И замелькали, замельтешили годы прожитые, мгновение за мгновением, день за днем, год за годом. Словно и он это, а словно и со стороны смотрит, не поймешь. Всю жизнь свою ровно заново прожил, все вспомнил, все прочувствовал. От самого первого воспоминания — ласковой улыбки на материнском лице, до последнего — как шаг к лавке сделал. Как глаза закрыл. Но на этот раз не провалился, а взмыл куда-то ввысь. И раскинулась под ним земля, без конца, без края, где зеленая, где в желтизну, вся синими извилинами изрезанная. И видит он на этих извилинах, будто муравьи малые в разных местах суетятся. Темнеют на синем, в одну сторону устремляясь, к разливу огромному, без конца, без края, к которому все извилины сходятся, вот как ветви у дерева к стволу. И где-то там в разливе видно пятно зеленое с белым, и муравьи все к этому муравейнику спешат. Сила же снизу, от земли, исходит, не сила — силища. Такая, что дух захватывает, что руки в стороны, что криком великим воскликнуть хочется… Только было раскинул, только было крикнуть собрался, — ровно дымкой туманной земля подернулась. Мгновение, и нет дымки, и снова зеленое и синим, но уже не такое, как прежде. Вроде, все как было, но зелень как-то притускнела, и синь поблекла, и нет на ней ни муравьев, ни пятна зеленого с белым, и силища… Нет ее, прежней. Другое что-то исходит, а что — не понять.

И тут мотнуло Илью, чуть с лавки не сверзился. Открыл глаза, мотнул головой — нет наваждения, как и не было. Вот она, былая река, неширокая, оба берега, какие были. Девка-перевозчица. Оставила весло, к борту прошла, отодвинула засовы, отвалила, доски скинула.

— Ступай.

Вот так, запросто, и ничего более. Одно только слово.

— Так ты что же, плату за перевоз не взимаешь?

Махнула рукой, ничего не ответила, отвернулась, сама сошла.

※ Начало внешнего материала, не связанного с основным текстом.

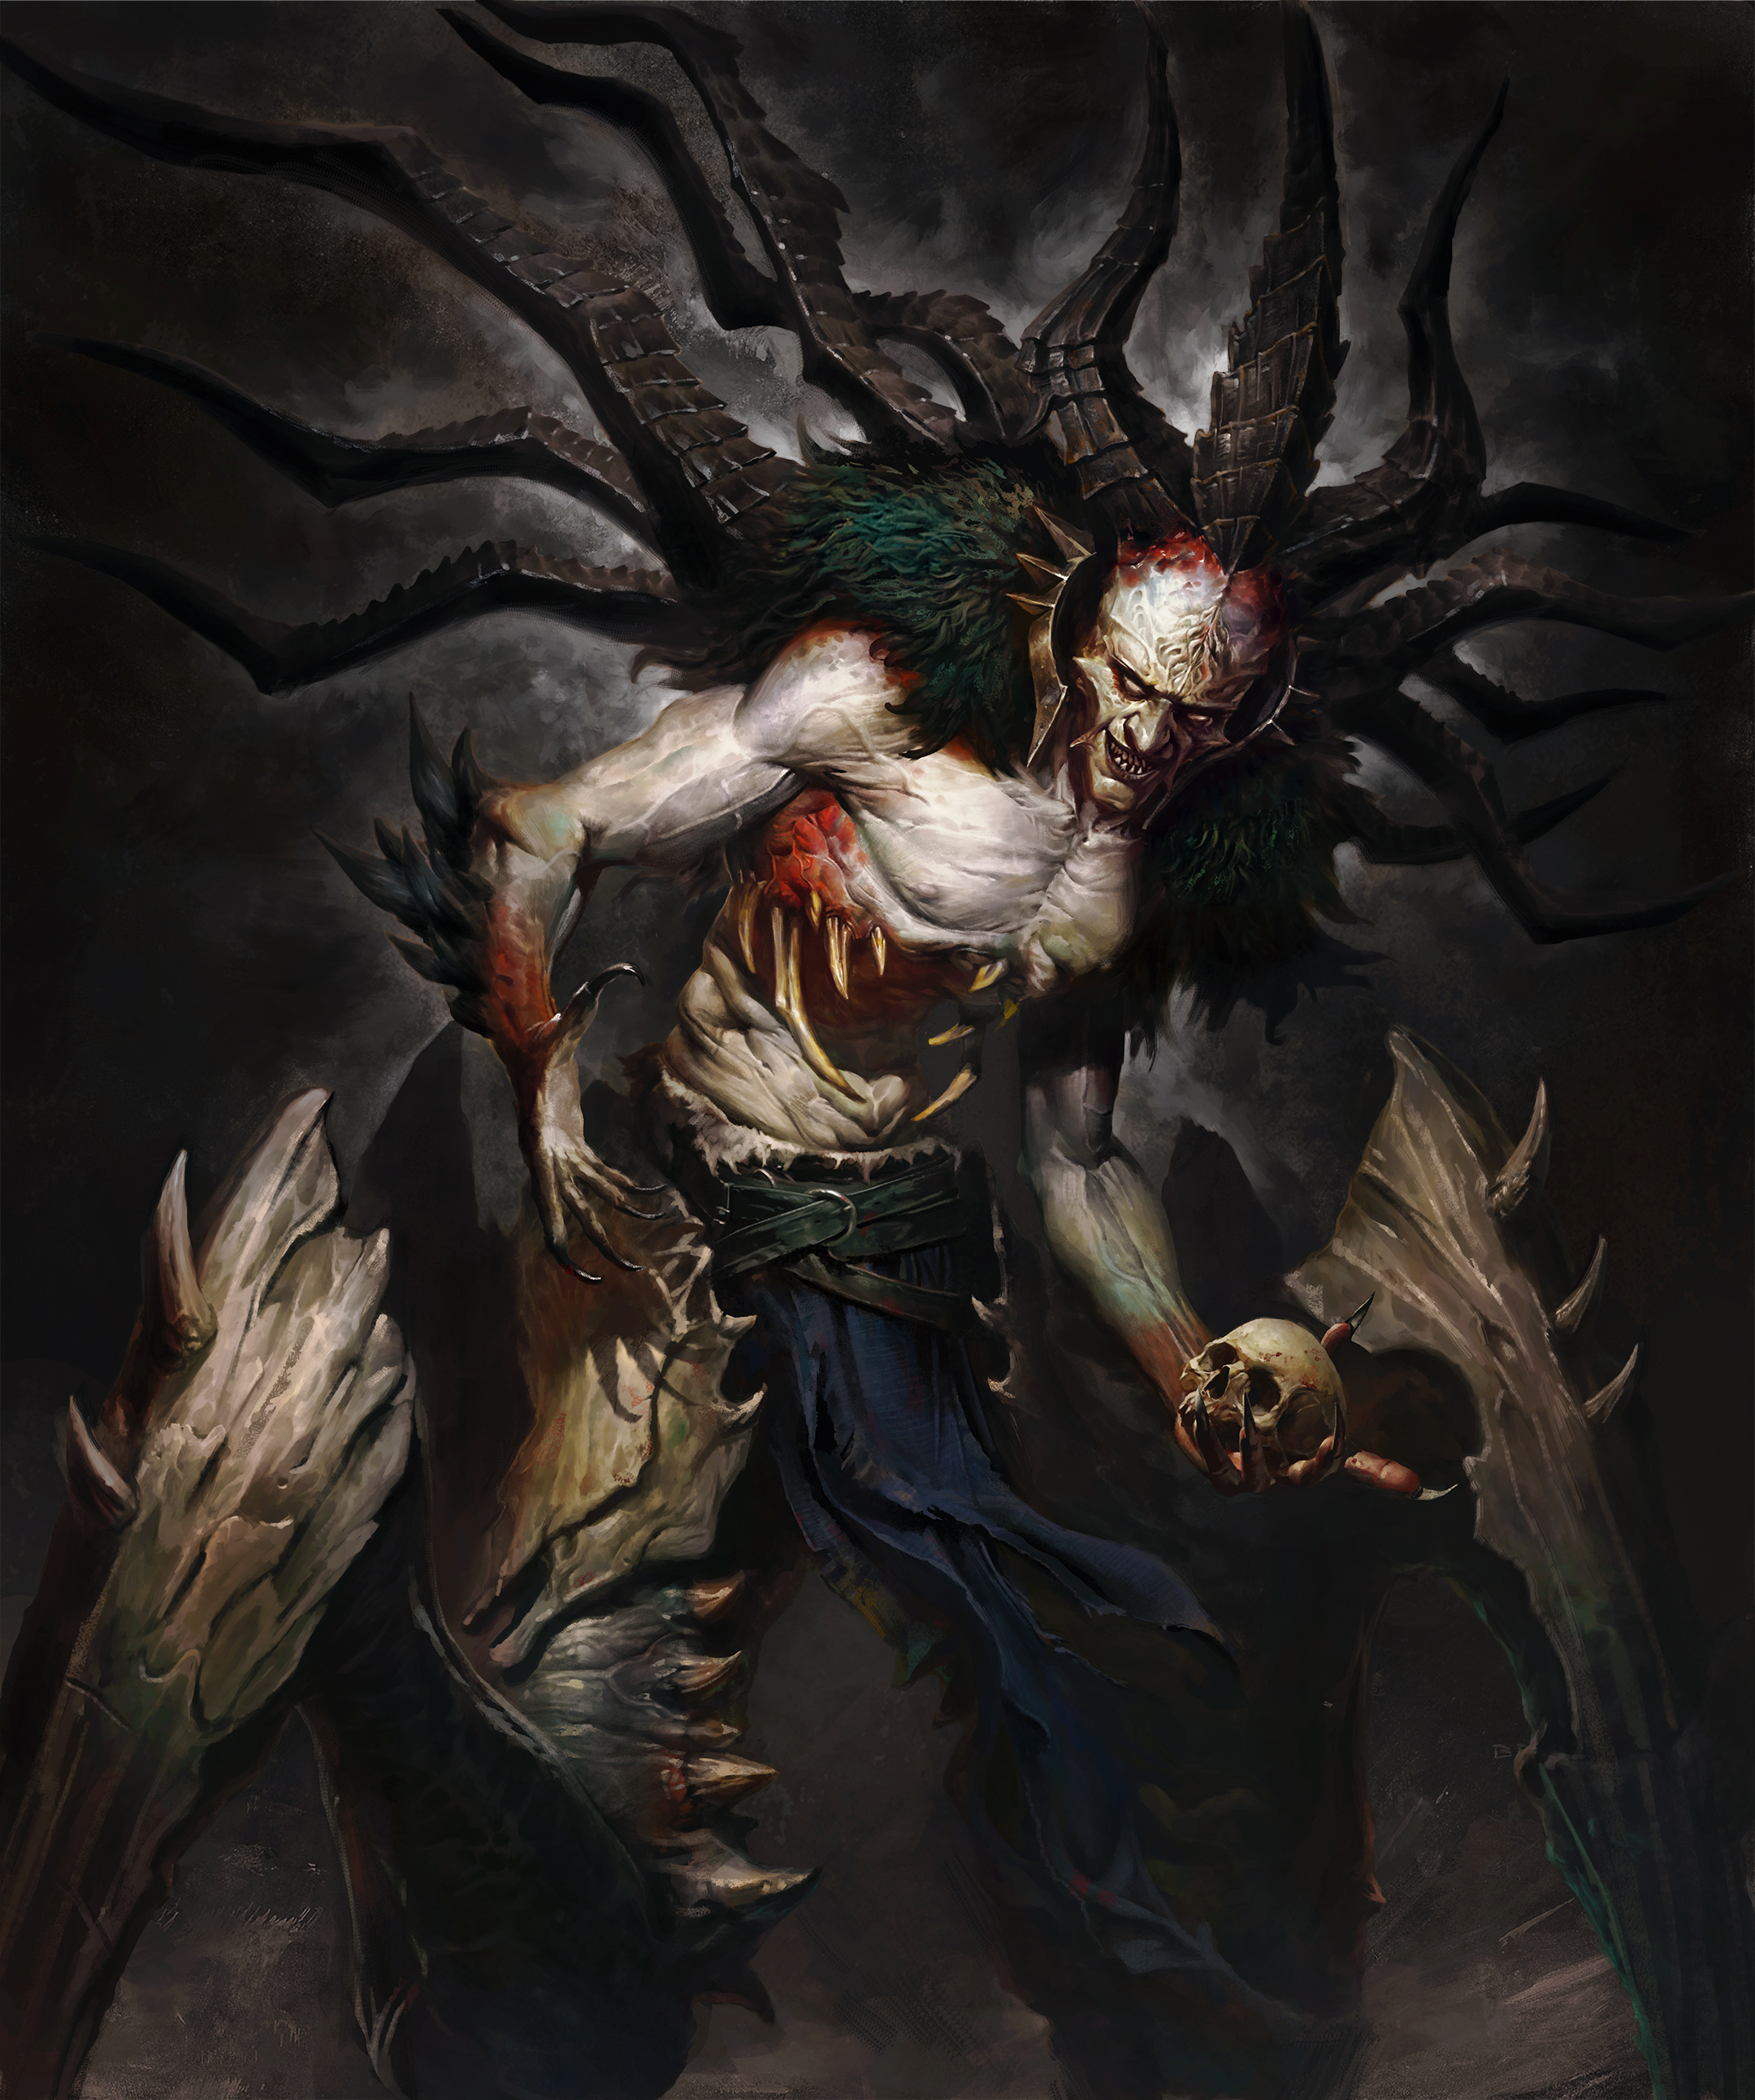 General 2160x2585 Diablo Diablo Immortal video games video game art skull PC gaming creature fantasy art

Только и видел, как мелькнула несколько раз посреди дерев, да и скрылась из глаз.

Ну, не бежать же за ней… Сошел Илья, коня свел. Вот она дорога, такая же, как и с той стороны. Не то, чтобы совсем видима, однако и не потеряешь. Пошел было далее, и вдруг вспомнил про слова болотника. Веры ему, конечно, нету, ан, может, и не соврал. Что он там говорил? Ракита с гнездом? Так здесь что в одну сторону, что в другую, одни ракиты. Склонились над темной водой. Не белка, чай, по деревьям скакать-то. Не ровен час, сверзишься в реку. Да и девка наверняка где-то неподалеку. При ней — срамотно как-то. Услышит, как ветки трещат, наверняка заявится. Выглянет из-за дерева, увидит его на дереве, тут уж точно свалишься. Как быть?

А никак. Принялся Илья деревья осматривать. На девку рукой махнул. Одно посмотрел, другое. Ни тебе ветки подходящей, ни гнезда с пером. Совсем уж уходить собрался, — ну его, болотника, без его советов как-нибудь обойдемся, как вдруг припомнил — видел на одном дереве… Вон на том, кажись…

Точно. С земли не достать, не допрыгнуть, пришлось-таки лезть. Посреди сучьев будто шар примостился — ветки так друг промеж дружку переплелись, что больше ежа напоминают. У них в деревне такие как раз гнездами называют. А еще сказывали, будто внутри них иногда яйцо неведомой птицы разглядеть можно. Взять нельзя — только поглядеть. И никто будто бы, никогда ту птицу не видывал, ни как гнездо вьет, ни как яйца откладывает, ни как птенец вылупляется. Однако ж ежели заприметить, да успеть кусок скорлупы ухватить, будет тебе непременно в жизни сплошная удача. Но коли подхватить не успеешь, скукожится скорлупа, станет на лист увядший похожа, ни по чем не отличить…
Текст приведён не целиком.